How can researchers validate specificity when using HSPA4 antibody in new experimental contexts?

Rigorous validation of HSPA4 antibody specificity in new experimental systems should include:

  • Positive and Negative Controls:

    • Positive Controls: Include samples known to express HSPA4 such as C6 cells, HEK-293 cells, mouse testis tissue, NIH/3T3 cells, or brain tissues from mouse or rat which have been confirmed to show positive WB results .

    • Negative Controls: Include primary antibody omission controls and, ideally, HSPA4-knockout or knockdown samples if available.
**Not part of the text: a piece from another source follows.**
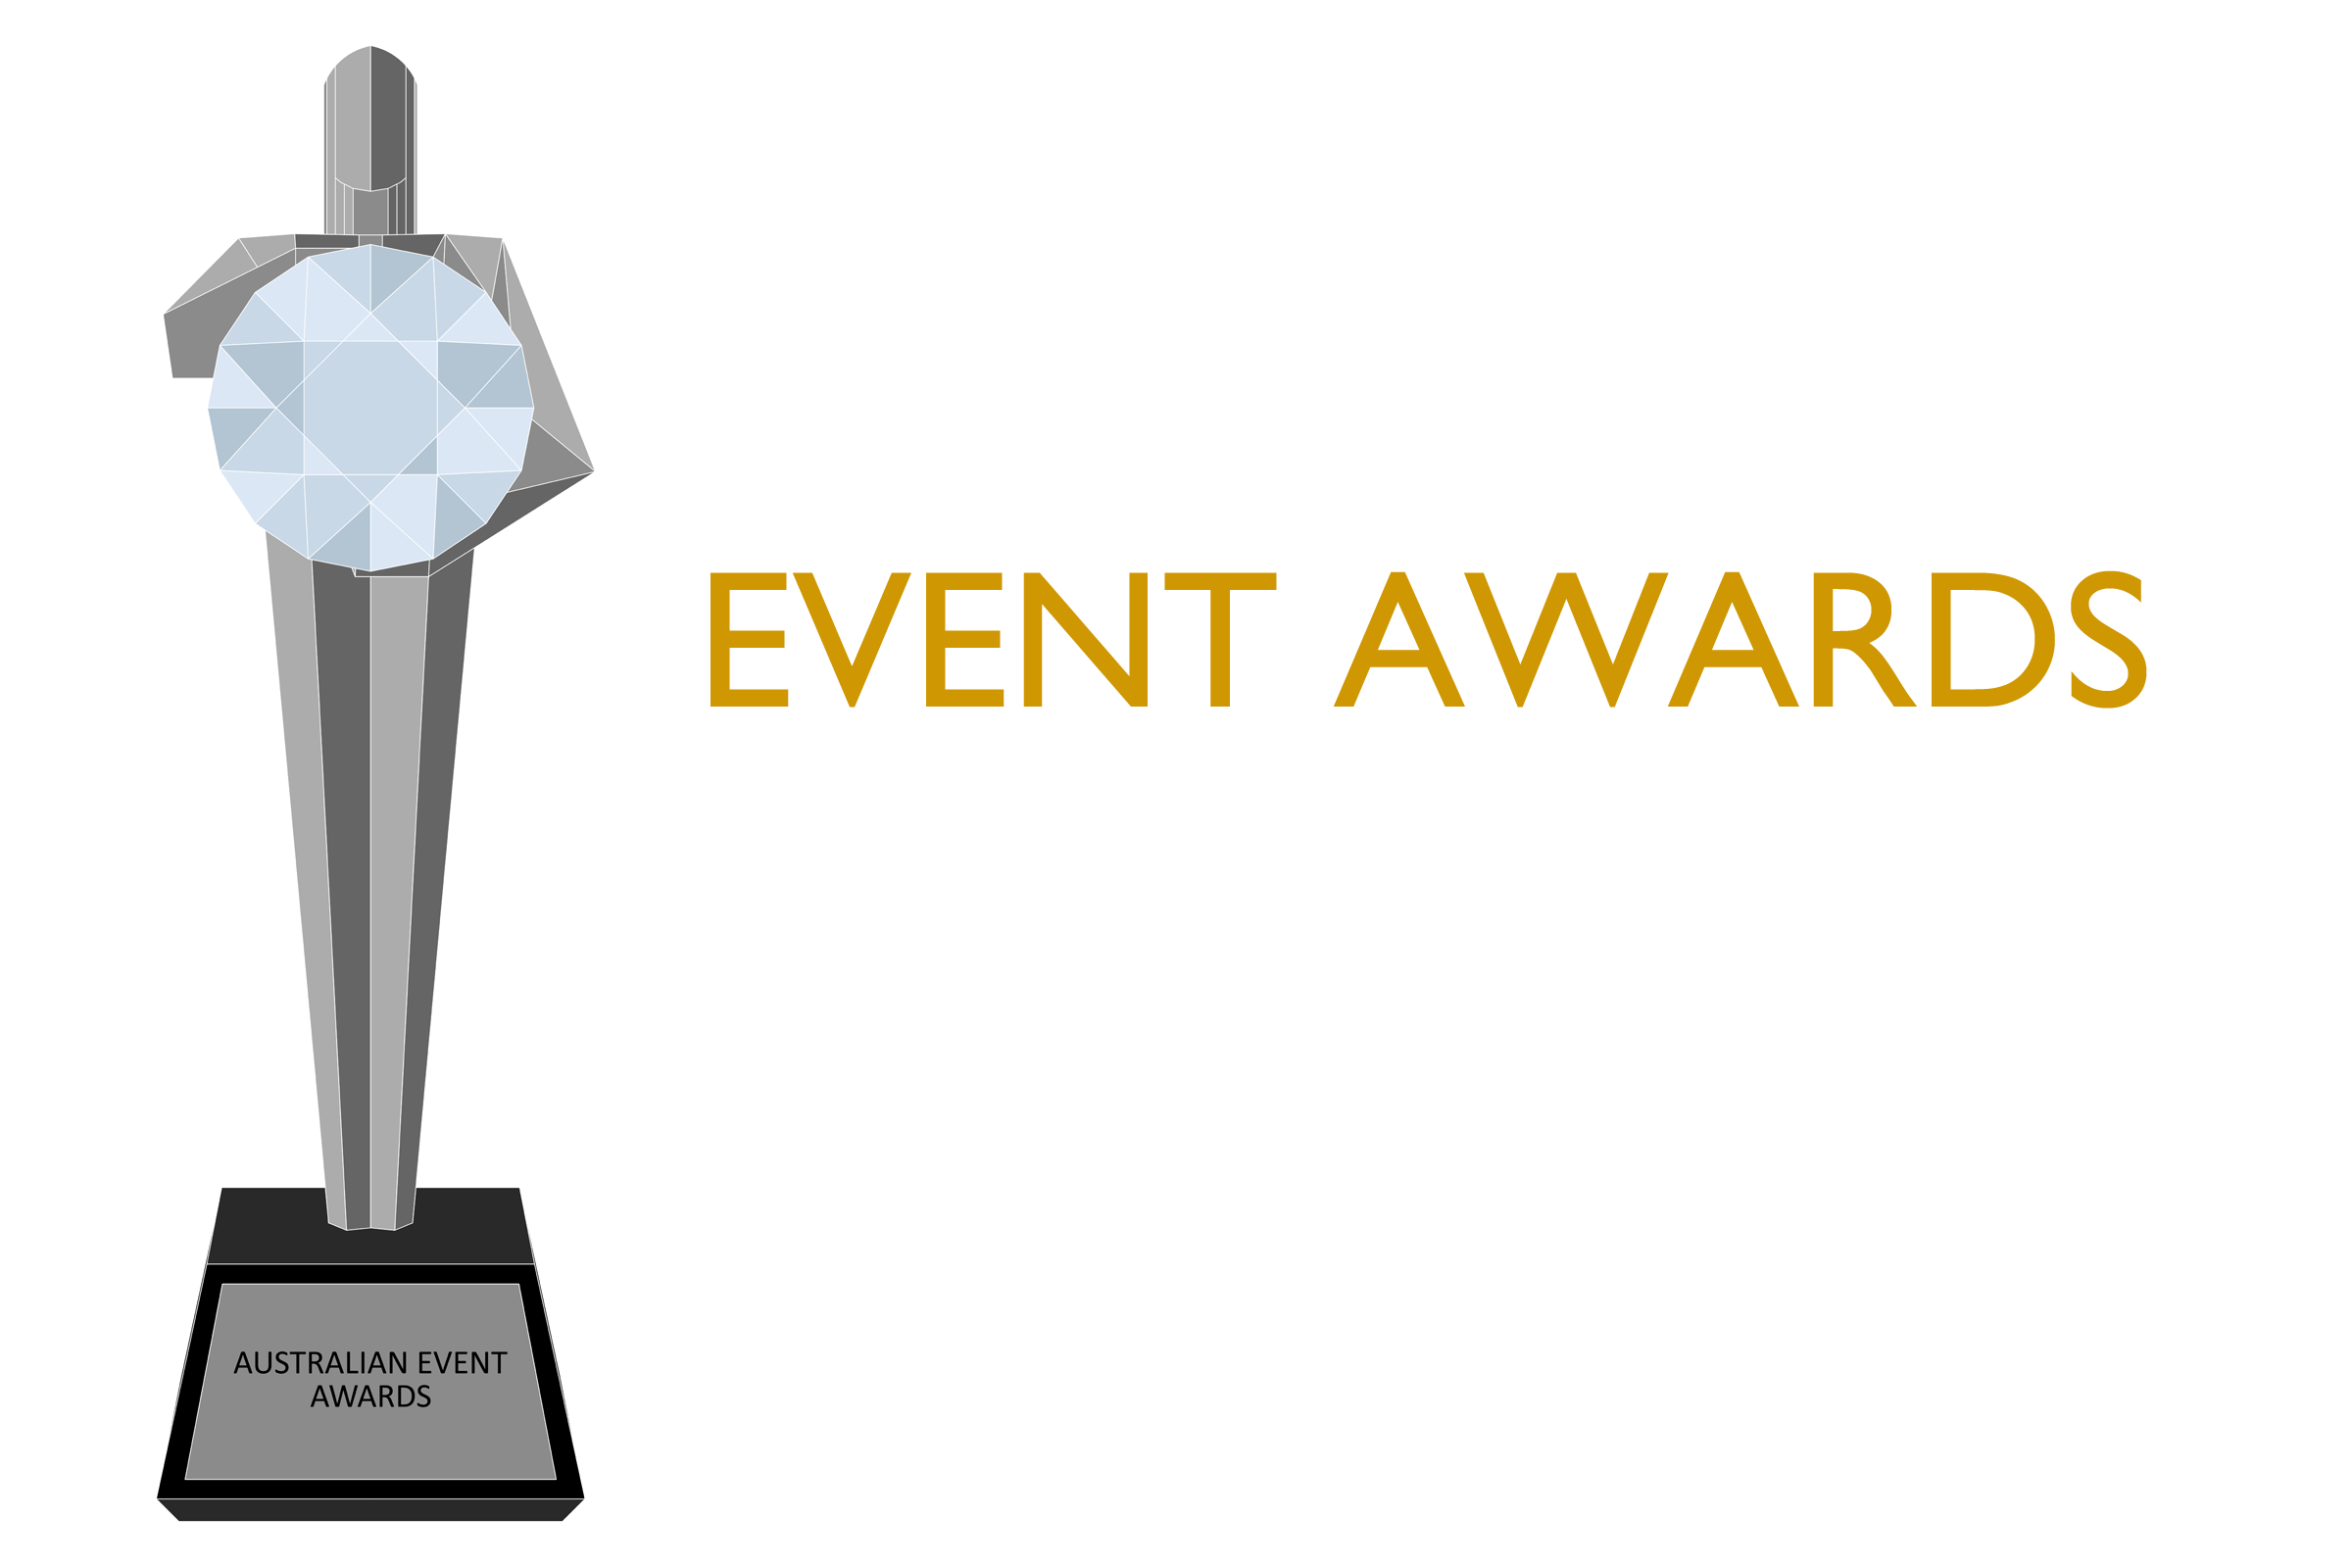 Australian event awards winner statue

  • Peptide Competition Assay:

    • Pre-incubate antibody with excess immunizing peptide (HSPA4 fusion protein Ag15581) before application to samples.

    • Signal elimination or significant reduction confirms specificity.

  • Cross-Validation with Multiple Detection Methods:

    • Compare results across different techniques (WB, IHC, IF) to ensure consistent detection of the target at the expected molecular weight (110 kDa) .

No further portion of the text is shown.